Помню такой сон: темная южная ночь, теплая и беззвездная. Смутно белеет в темноте высокая белая стена с круглыми башнями. Я стою у подножия этой стены. Но вдруг поднимаюсь, и мне ясно видна одна из этих башен. Наверху башни – круглая площадка, окаймленная зубцами стены. Посредине этой

- 49 -

площадки стоит большой круглый стол. Вокруг него сидят люди в белых одежда. Их всего двенадцать. Один стоит. Он в белой одежде, длинные волосы падают на плечи, глаза сияют. Он высоко поднимает БОЛЬШУЮ ЧАШУ с темным вином, и вдруг из этой чаши разливается розовое сияние необычайной яркости и красоты и словно озаряет темноту. Мне казалось тогда, что это был Христос со своими учениками, и видела я – Моление о чаше, а может – Тайную вечерю.

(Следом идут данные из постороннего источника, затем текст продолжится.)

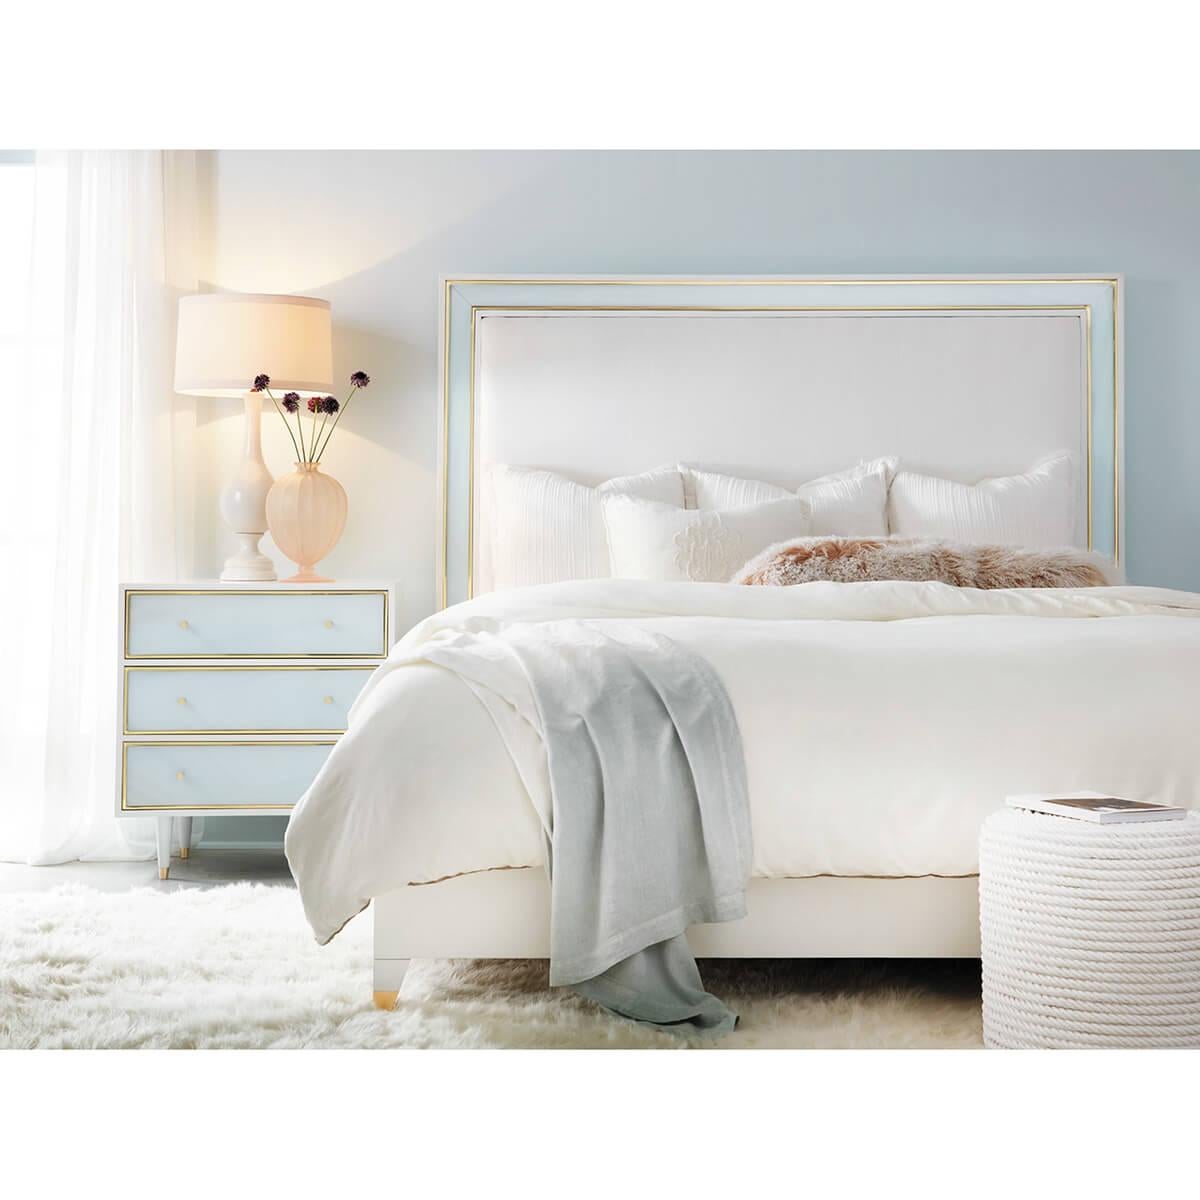 Coastal Sea Glass Bed. The wooden frame is lacquered in brilliant white with the headboard inset with Sea Glass foam color acrylic and framed in brass trim. Raised on tapered legs.

US King Dimensions: 81

Запомнился мне еще один сон, который я помнила долгие годы, и он приносил мне за эти годы радость и утешение. Еще в Таганской тюрьме, в начале лета, когда я сильно тосковала и плакала о всех своих близких и особенно хотела знать о судьбе мужа на фронте, мне приснился такой сон: будто была ПАСХАЛЬНАЯ ночь и я была одна в Москве. Будто я шла к заутрене, куда-то далеко по совершенно темным улицам. Дошла до церкви Богоявления (на Елоховской) и кто-то мне сказал, что в церкви идет богослужение, хотя снаружи церковь казалась темной и пустой. Богослужение шло в подземных залах, под церковью. Там ярко горели свечи, сверкали драгоценные иконы и золотые ризы священников. Слышалось пение стройного хора, ликующие звуки «Христос воскресе!» А я стояла в темном углу одна и горько плакала. Когда богослужение кончилось, я очутилась на улице. Уже брезжил рассвет, но все окутывал такой густой белый туман, что даже колокольни не было видно. Вдруг все небо порозовело от приближения солнца. И откуда-то сверху, в первых лучах солнца спускался муж, весь в белом, и улыбался мне со словами: «Мы с тобой увидимся, только не скоро.»